Kamala Harris has denounced Donald Trump as a “fascist” who wants “uncontrolled power” and an army personally loyal to him after allegations emerged about the former president's repeated admiration for Hitler.
On Wednesday, the vice president gave a surprise speech from her residence in Washington, DC, following reports that John Kelly, Trump's former chief of staff, recalled how Trump regretted not having generals who would swear allegiance to him in the same way. as military commanders they served Hitler in Nazi Germany.
“Donald Trump is increasingly unhinged and unstable, and in a second term, people like John Kelly would not be there to be barriers against his propensities and actions. Those who once tried to stop him from following his worst impulses would no longer be there to stop him,” Harris said.
Harris said the comments relayed by Kelly showed that Trump “does not want a military that is loyal to the United States Constitution.”
“He wants a military that is loyal to him personally, one that obeys his orders, even when he tells them to break the law or abandon their oath to the United States Constitution,” he said.
Framing the question as a difficult choice for American voters who will go to the polls for the presidential election on November 5, he added: “We know what Donald Trump wants. You want power without management. The question in 13 days will be what the American people want.”
Harris' speech came after she spent more than a week highlighting Trump's previous branding of his political opponents as “the enemy within” and demands that the military be deployed to those causing election “chaos.”
In officially recorded conversations in the New York Times, Kelly, who was White House chief of staff for 18 months during Trump's presidency, said his former boss repeatedly praised Hitler, even when he contradicted him, and fit the definition. of fascist from the dictionary.
“He commented more than once that, 'You know, Hitler did some good things too,'” said Kelly, who also said Trump would rule like a dictator if elected again.
Kelly, a retired four-star Navy basic, made similar comments in an interview with the Atlantic.
Referring to the various reports, Harris said: “It is deeply troubling and incredibly dangerous for Donald Trump to invoke Adolf Hitler, the man responsible for the deaths of 6 million Jews and hundreds of thousands of Americans. “This is a window into who Donald Trump really is, from the people who know him best.”
And he added: “It is clear from John Kelly's words that Donald Trump is someone who, quote, certainly falls into the basic definition of a fascist, who, in fact, swore to be a dictator from day one and promised to use the military as a his private militia to carry out his personal and political vendettas.”

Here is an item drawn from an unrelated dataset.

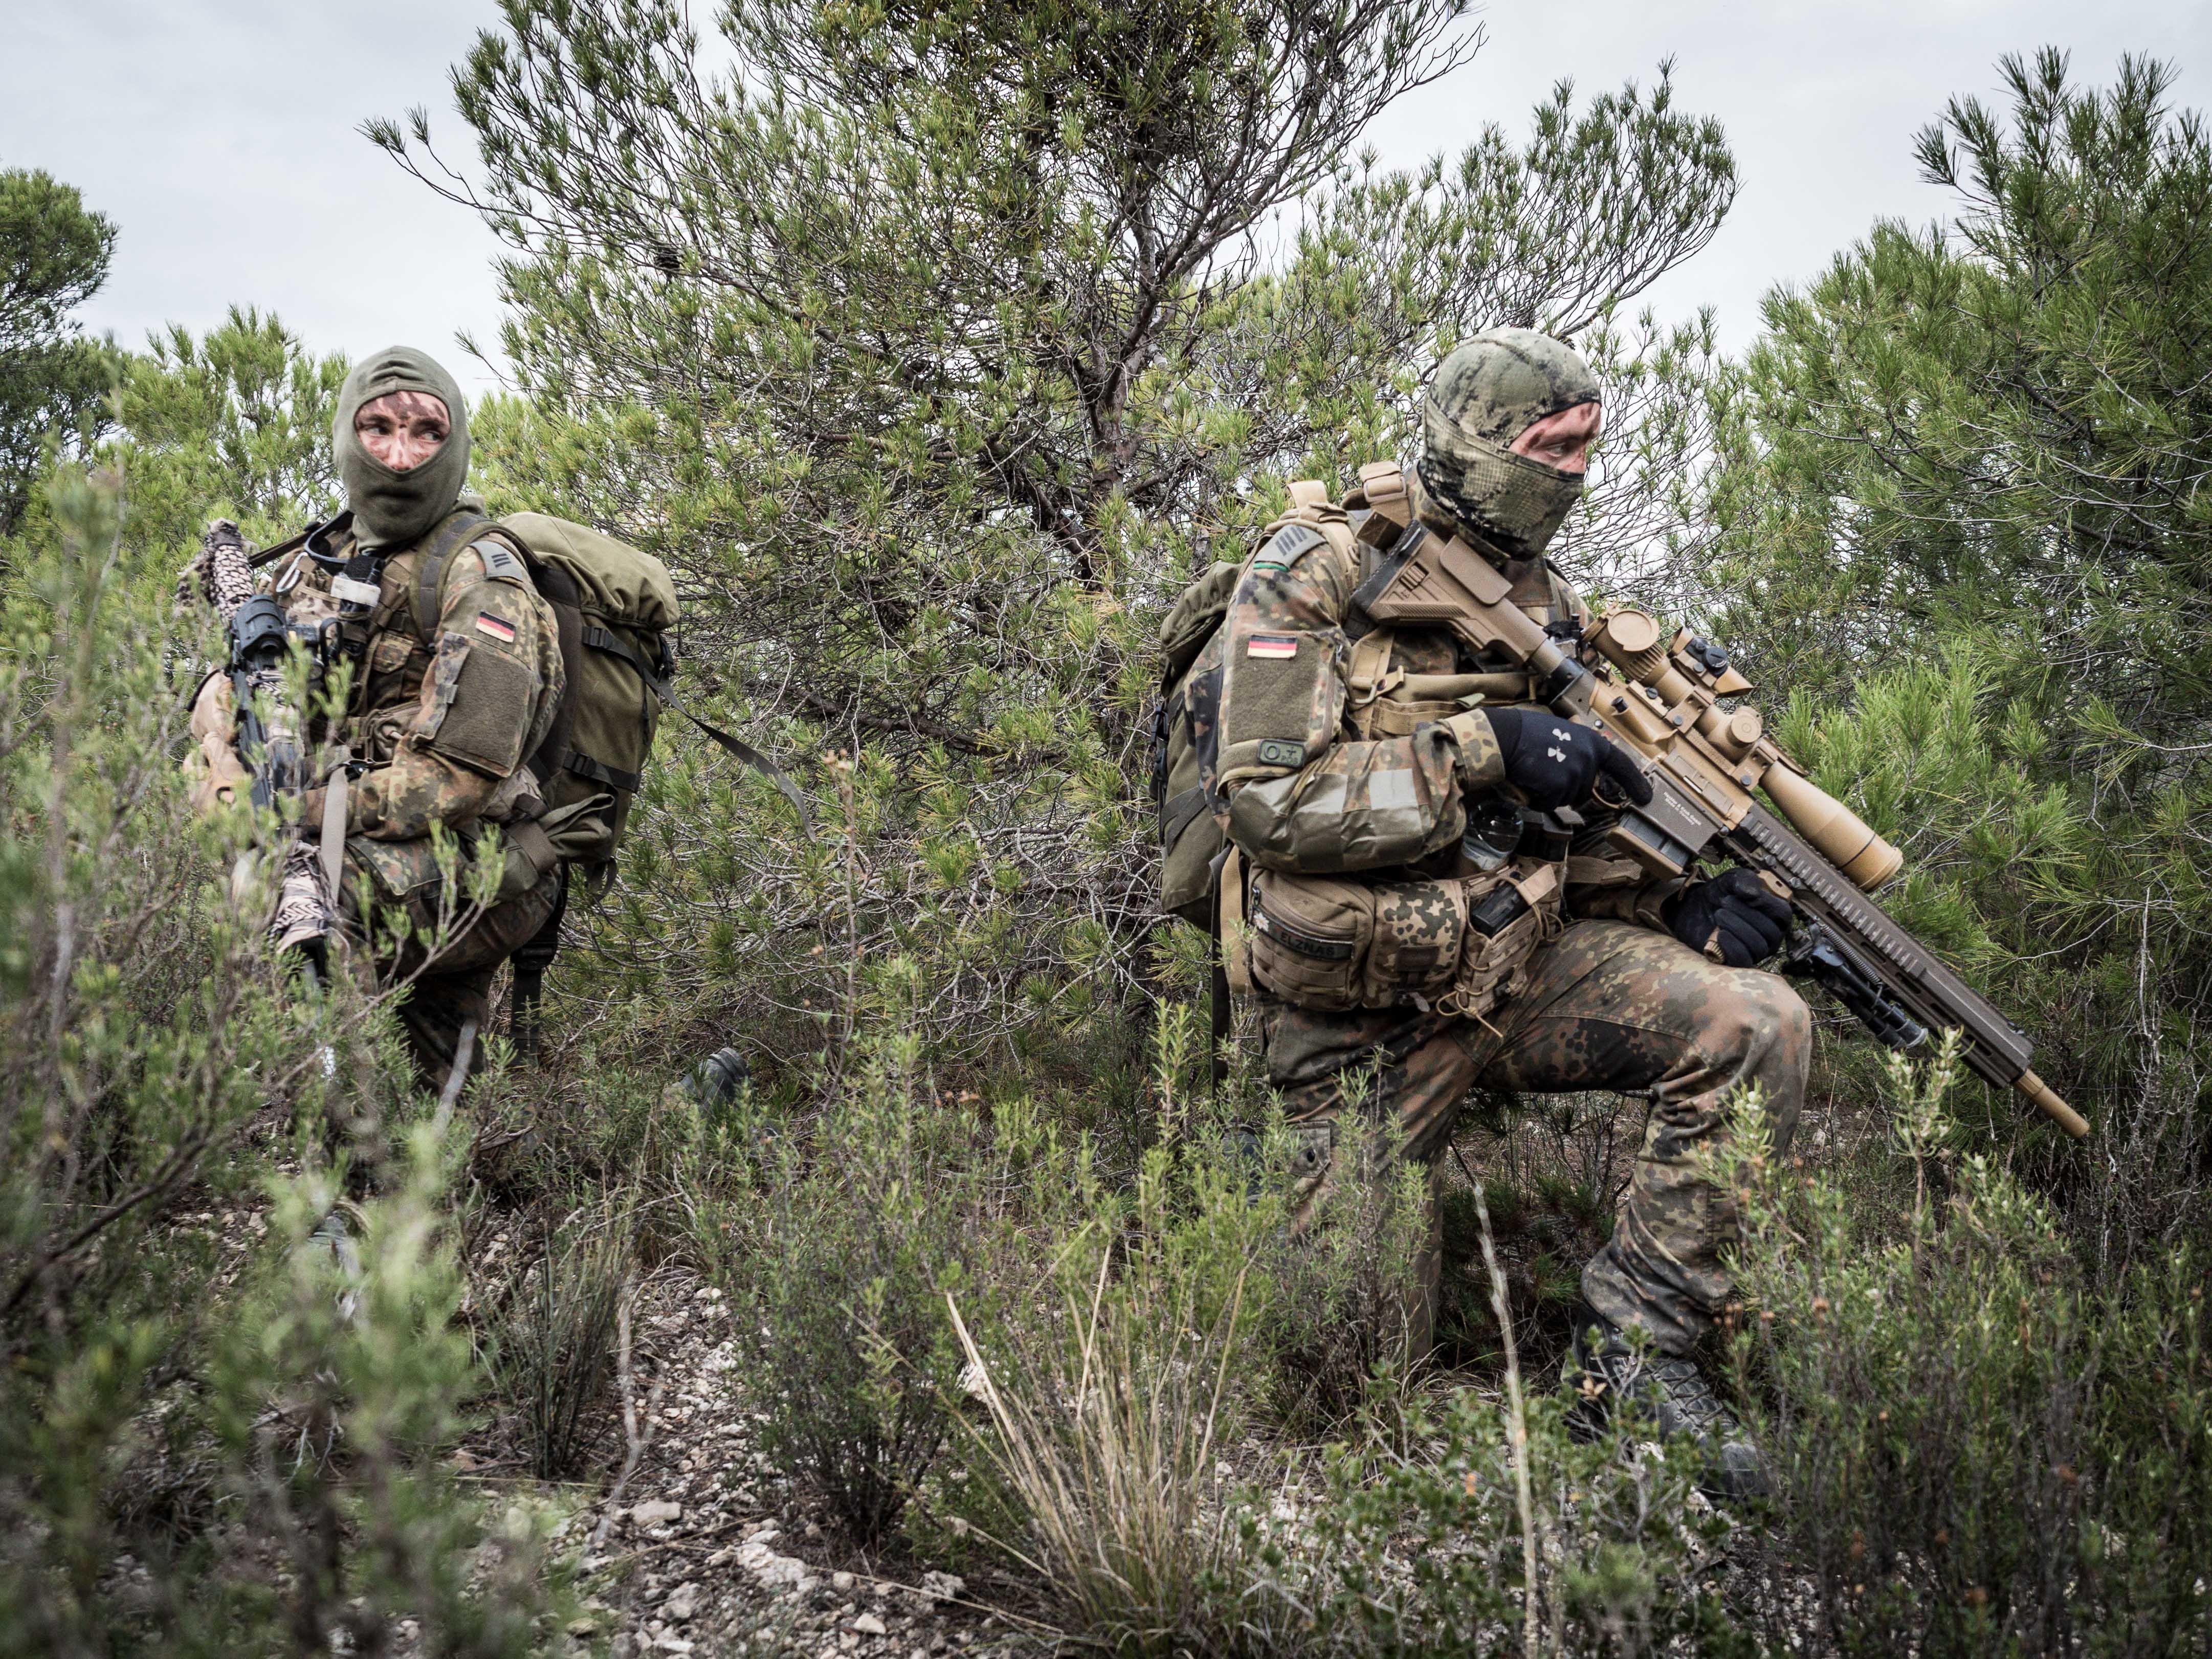 FileDEU Mountain Infantry San Gregorio Spain Trident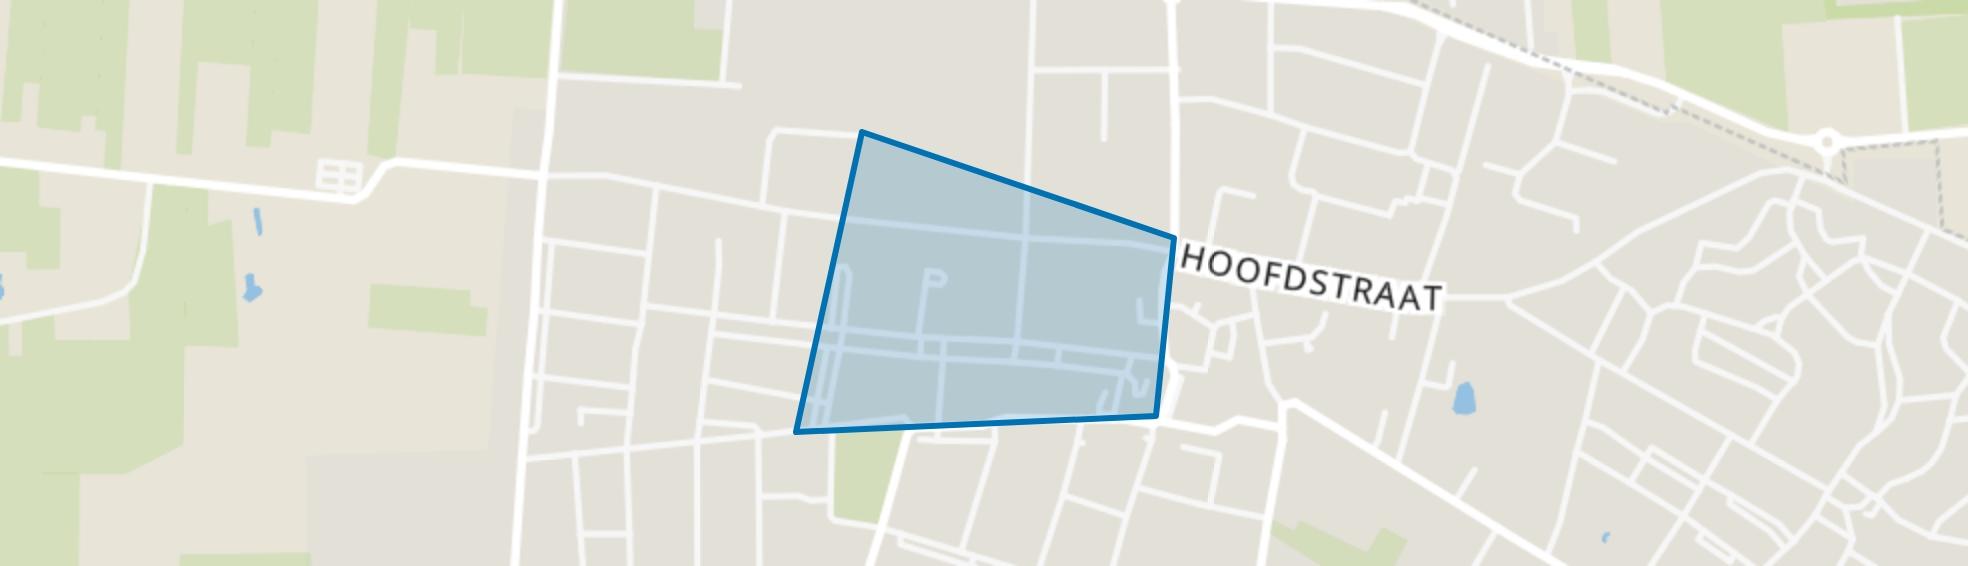 Vossenberg (oost), Kaatsheuvel map

It was the second time in a week that Harris, in fact, called the Republican candidate a fascist. Last week, he responded affirmatively when a Detroit radio interviewer asked him if Trump's vision amounted to fascism, although he did not say the word directly.
Trump's spokesman has denied Kelly's claims that Trump said this, calling it “absolutely false.”
Harris' comments Wednesday were the clearest sign yet that she had changed tactics from a previous approach initially taken after becoming her party's nominee, when she and her surrogates attempted to downplay and belittle Trump. In one example, mocking his obsession with the size of the crowds at his rallies.
Theories abound about what Harris could do to divert voters from Trump's appeal, which has centered on promises to reduce prices that rose under Joe Biden and expel immigrants from the country.
In an interview today on CNN, prominent Republican pollster Frank Luntz said the same kind of message Harris pushed this afternoon wasn't working.
“The interesting thing is that [when] Harris focused on why she should be elected president, and that's when the numbers went up,” Luntz said.
“And then the moment he turned anti-Trump and focused on him and said, don't vote for me, vote against him, that's when everything froze.”
Kelly's characterization of Trump as a fascist echoes that of General Mark Milley, the retired former chairman of the Joint Chiefs of Staff of the military. Milley, whom Trump has said should be executed, is quoted by journalist Bob Woodward in a recently published book calling Trump “a complete fascist” and “fascist to the core.”